Kevin Carlson (Jul 24 2025 at 22:46):An answer that removes the bias towards the vertical transformations is that the Grandis-Paré program was not in fact motivated by the theory of pseudocategories, which did not in any serious sense exist at the time they were writing (and is still, I'd say, rather cutting-edge.)
Kevin Carlson (Jul 24 2025 at 22:52):That done, why pick the horizontal transformations, even without the a priori bias? For me, it's easiest to see from examples. A lax double functor from the point into the double category of spans is a category, and a horizontal transformation between two such lax double functors is precisely a functor between the categories. A vertical transformation, once you pick out a definition, is some kind of unfamiliar object generalizing a retrofunctor--you would probably never find yourself asking for one organically.
Kevin Carlson (Jul 24 2025 at 22:53):Away from examples, the vertical transformations just involve more coherence conditions, and will not give you a 2-category of double categories as the tight transformations do.

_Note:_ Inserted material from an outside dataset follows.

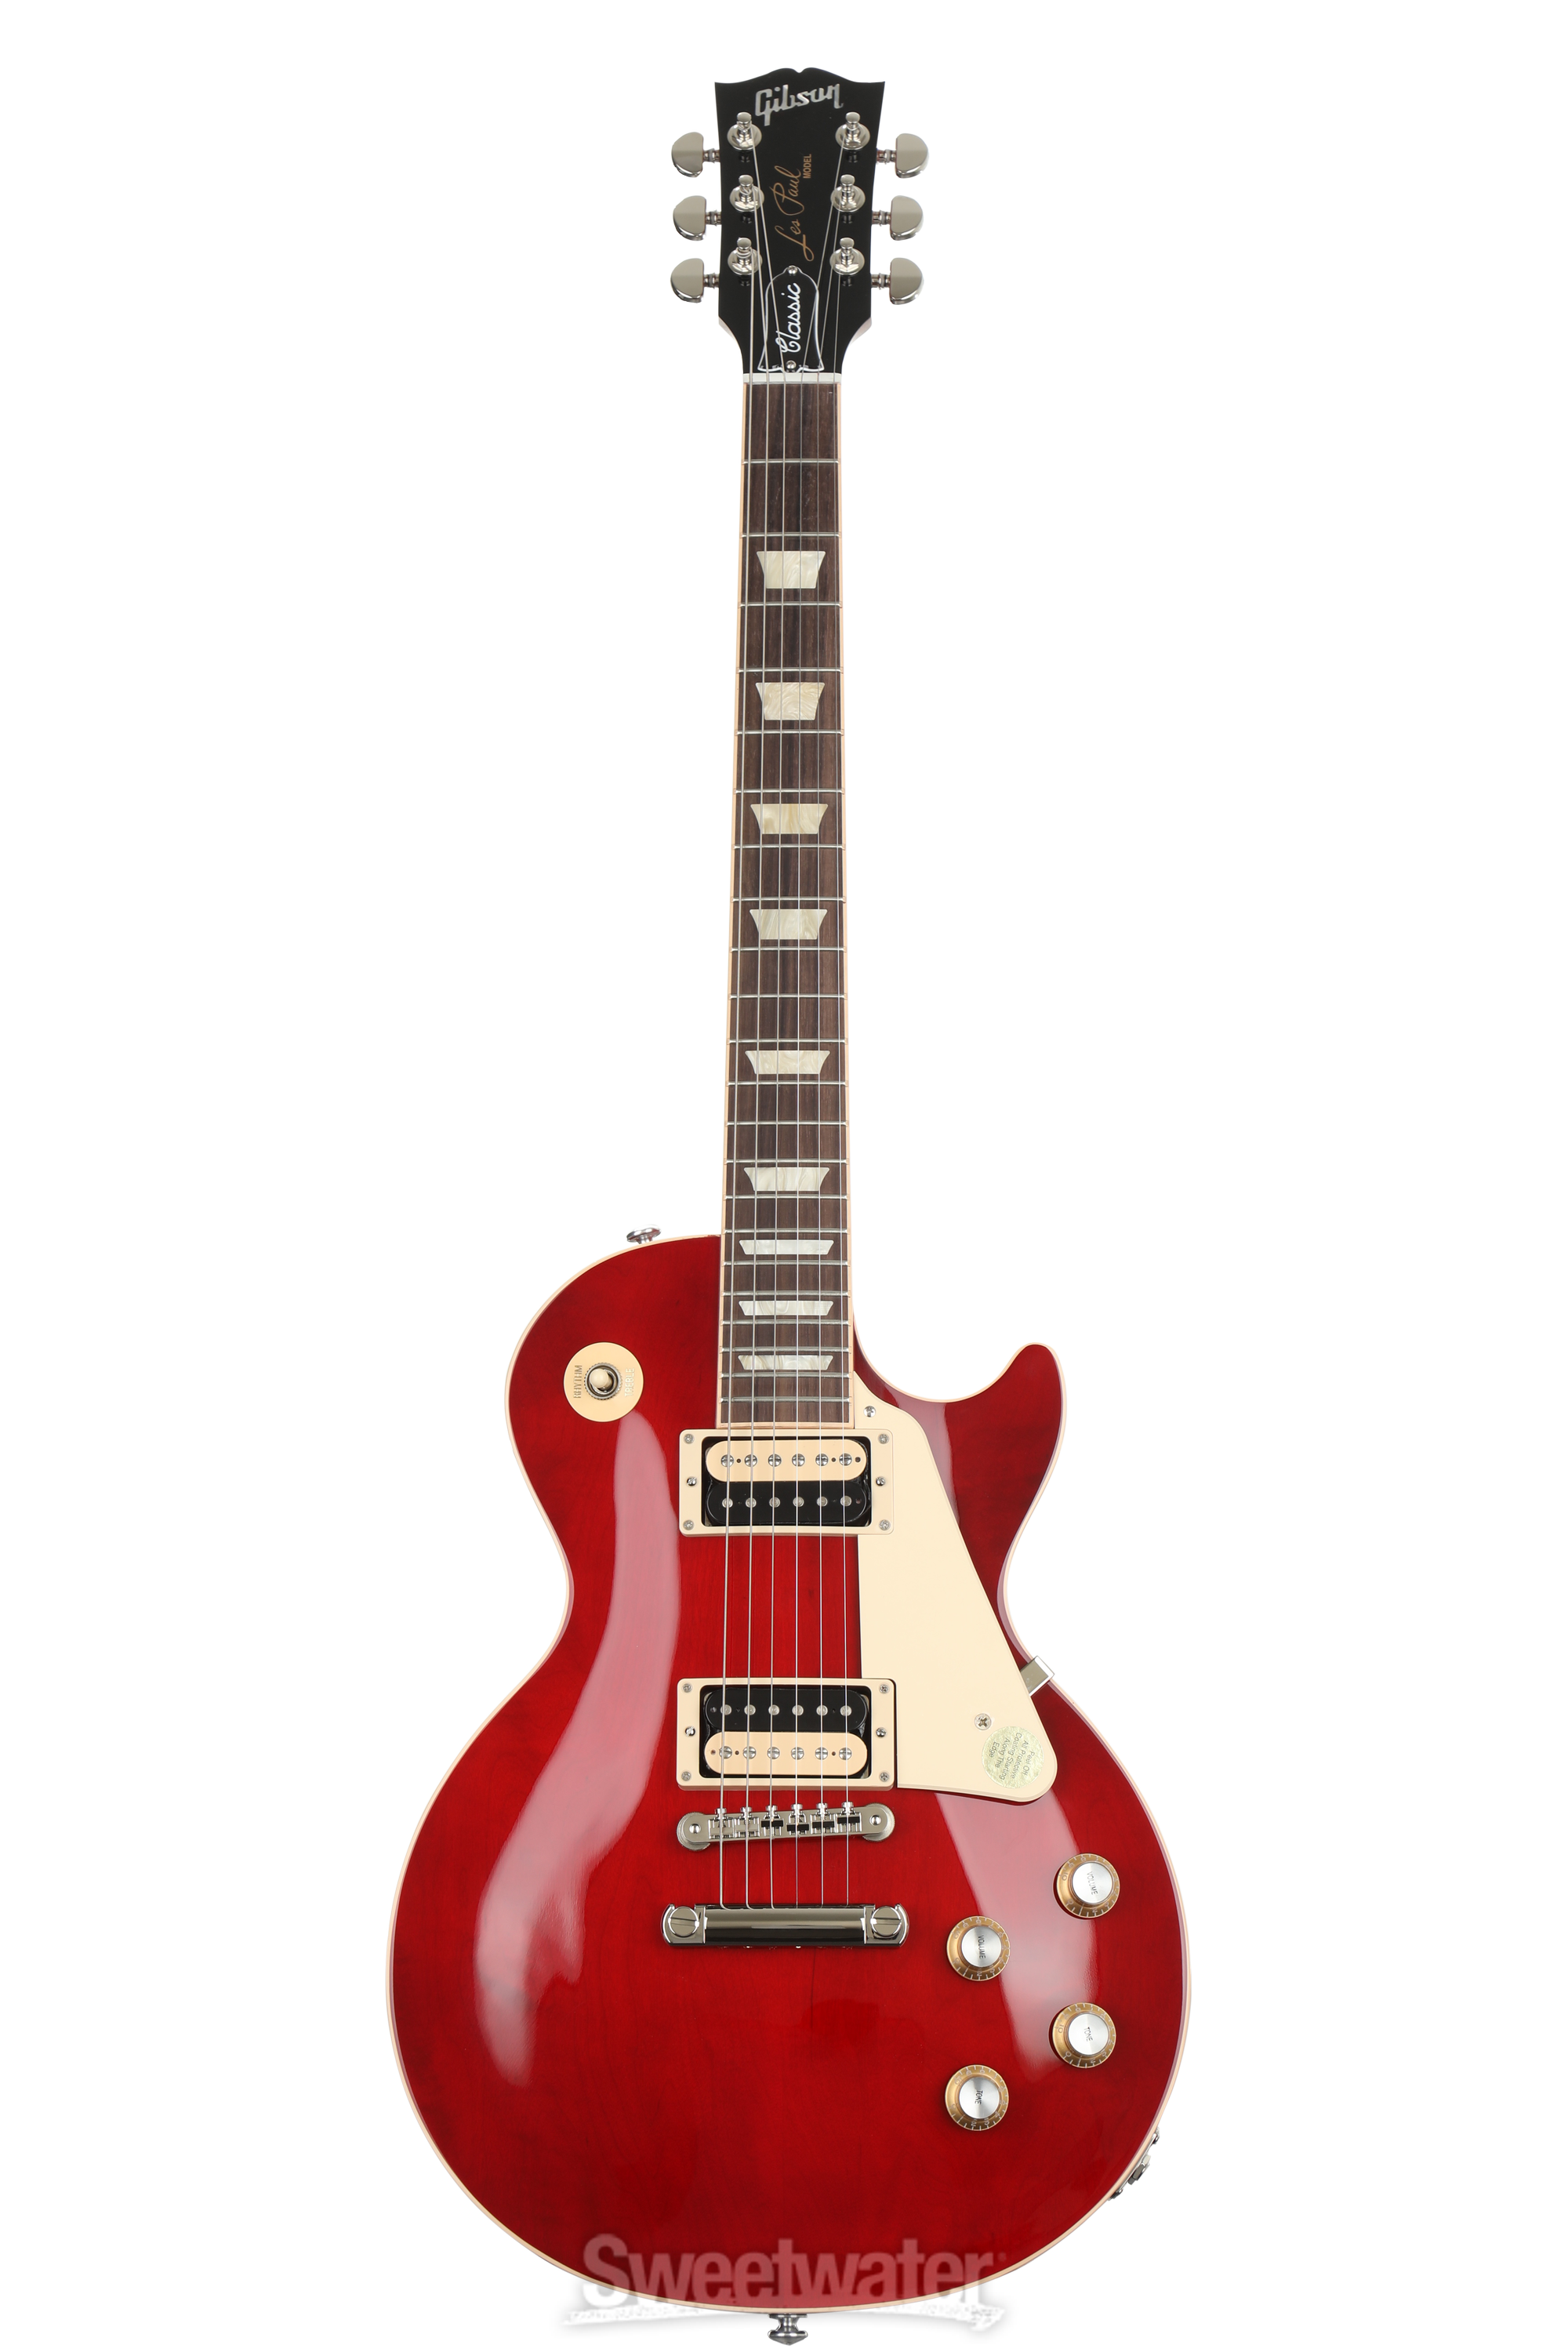 Used Gibson Les Paul Classic Electric Guitar - Translucent Cherry

Nathanael Arkor (Jul 25 2025 at 07:40):Then they say they will consider horizontal transformations of lax double functors, and that vertical transformations are unmanageable. But the vertical transformations are the transformations that arise from working internally in the 2-category Cat.

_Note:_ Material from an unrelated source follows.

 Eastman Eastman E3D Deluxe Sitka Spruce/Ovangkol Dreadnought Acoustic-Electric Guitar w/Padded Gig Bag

They consider both "horizontal" and "vertical" transformations, but restrict consideration of the vertical transformations to the pseudo ones (their "strong vertical transformations").
Nathanael Arkor (Jul 25 2025 at 07:41):Note that what they call "vertical transformations" in general are not the internal lax natural transformations: rather, they are what Paré later called "modules" in Yoneda theory for double categories. As such, their vertical transformations do not even compose in general.
Nathanael Arkor (Jul 25 2025 at 07:45):Kevin Carlson said:
the Grandis-Paré program was not in fact motivated by the theory of pseudocategories, did not in any serious sense exist at the time they were writing (and is still, I'd say, rather cutting-edge.)
Just to add to this, when considering double categories as pseudocategories, one needs to take care, because while the theory of pseudocategories is a useful tool for studying double categories, it can also provide misleading intuitions about the importance of certain concepts for double category theory (not every concept that seems sensible in pseudocategory theory appears of importance in double category theory, as it tends to have a bias in the loose direction).
Patrick Nicodemus (Jul 25 2025 at 13:46):Okay, that's helpful to keep in mind.